Dellinger has been able to make a living off of his farm and said it is possible "if it's done right."
Just a few miles south of the Dellinger farm sits another, very different century-old farm belonging to Steven Baker.
Baker, who serves on the Shenandoah County board of supervisors, farms full time at the Mt. Jackson farm with the help of two employees.
The original 400 acres were granted to members of his family around the same time as the Dellingers.
Only 28 of those original acres ares still a part of Baker's operation today, and most of them are used as crop land rotated between corn, small grain and soybeans.
On more recently acquired land, Baker raises over 100 hogs and produces pork "raised the old-fashioned way, with fresh air and sunlight."
Baker echoed Dellinger's remarks about how tough it's become to maintain a small scale operation in a world of mammoth producers.
"We market [our pork] directly to farmers markets, small restaurants and small independents," he said. "That's about the only way small farmers can survive."
Baker has no children of his own, but hopes that someone, perhaps one of his nieces or nephews, may want to take up the family business in the years to come.
"I hope [they do,] that would be my goal.
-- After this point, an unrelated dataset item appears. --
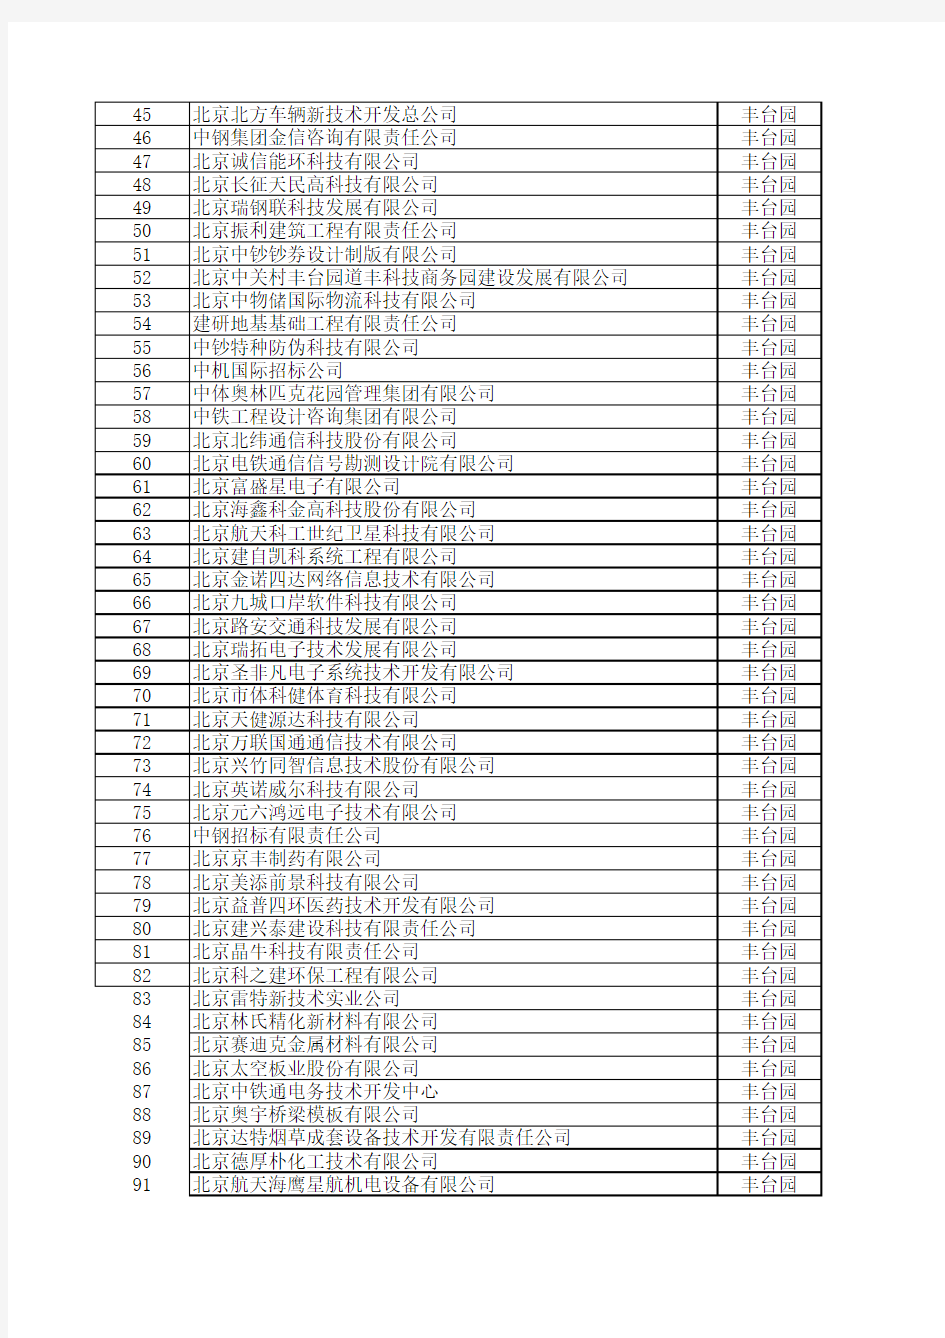 2008年度丰台科技园瞪羚企业名单

We'll see how it works out," he said.
However, he stressed that emerging onto the full-time farming scene is not always an easy route.
"First of all they've got to want it," he said. "This is not an easy job by any stretch of the imagination, but it's very rewarding."
The Baker family farm has been listed as a Virginia century-old farm for around four years.
"It's very humbling and it's a pride factor that we've kept [the farm] for that many years," he said.
The Virginia Century Farms Program is run by the Virginia Department of Agriculture and Consumer Services. In order to achieve the designation, the farms must be in continuous operation by descendents of the original owner for 100 years or more.
Besides the 29 in Shenandoah County, there are 47 designated in Rockingham County, 13 each in Page and Frederick counties, five in Warren and four in Clarke County.
The Shenandoah County Heritage Society hosts events regularly throughout the year, focusing on varied topics regarding local history.
Barbara Adamson, president of the heritage society, said they may do more highlighting other century farms in the future.
"It's just another little window into the tradition of agriculture in the county," she said.